When reviewing the 27 examples of CCPA noncompliance published by the OAG in 2021 versus the 13 examples published in 2022, it was obvious - simply trying is not good enough.

More specifically, in 2021 the examples of CCPA noncompliance centered around the absence of information. For example, the OAG’s examples from 2021 cited items such as: [1]
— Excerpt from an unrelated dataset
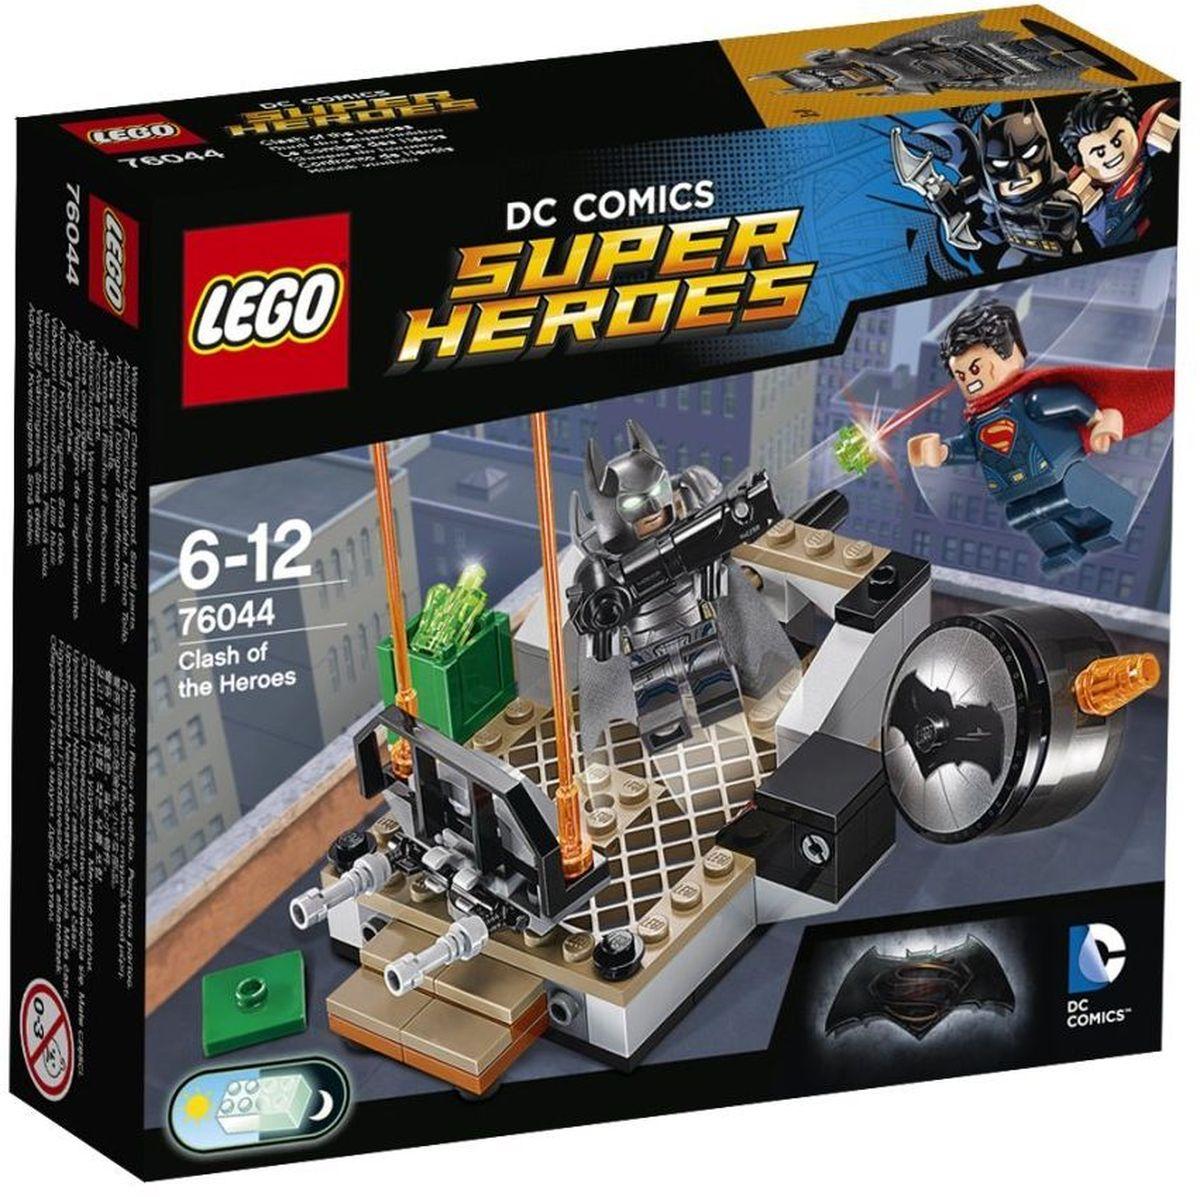 LEGO Super Heroes Конструктор Битва супергероев 7604476044У Бэтмена в костюме-броне светящиеся в темноте глаза, и он любит пострелять из своей базуки. Круши барьеры с помощью суперджампера Супермена и взрывай Бэтсигнал. Но будь осторожен: Бэтмен в костюме-броне может пуститься с крыши в любой момент! Кто одержит победу в схватке героев? Только тебе решать! Конструктор LEGO Super Heroes Битва супергероев включает в себя 92 разноцветных пластиковых элемента с двумя фигурками супергероев. Конструктор - это один из самых увлекательных и веселых способов времяпрепровождения. Ребенок сможет часами играть с конструктором, придумывая различные ситуации и истории.

• “The company did not provide the required notices to consumers or methods to submit consumer requests.”
• “A business that provides an online dating platform and sold personal information did not have a “Do Not Sell My Personal Information” link on its homepage.”
• “The company did not provide a Notice of Financial Incentive to consumers participating in these loyalty programs.”
• “The business also did not explicitly state whether or not it had sold personal information or transferred personal information for a business purpose in the past 12 months.”
• “An automotive company collected information from consumers who test drove vehicles at the business, but it failed to provide a notice at collection.”

These example snippets suggest the OAG was alleging non-compliance given the absence of information such as missing notices, missing Do Not Sell Links, and missing references to the sale of personal information. When we look forward to the examples of non-compliance published in August 2022, it appears the OAG is now citing organizations for non-compliance relating to unclear, inaccurate, or confusing notices or processes that the organization had previously developed but were still not compliant. For example, the OAG’s examples from 2022 cited items such as:[2]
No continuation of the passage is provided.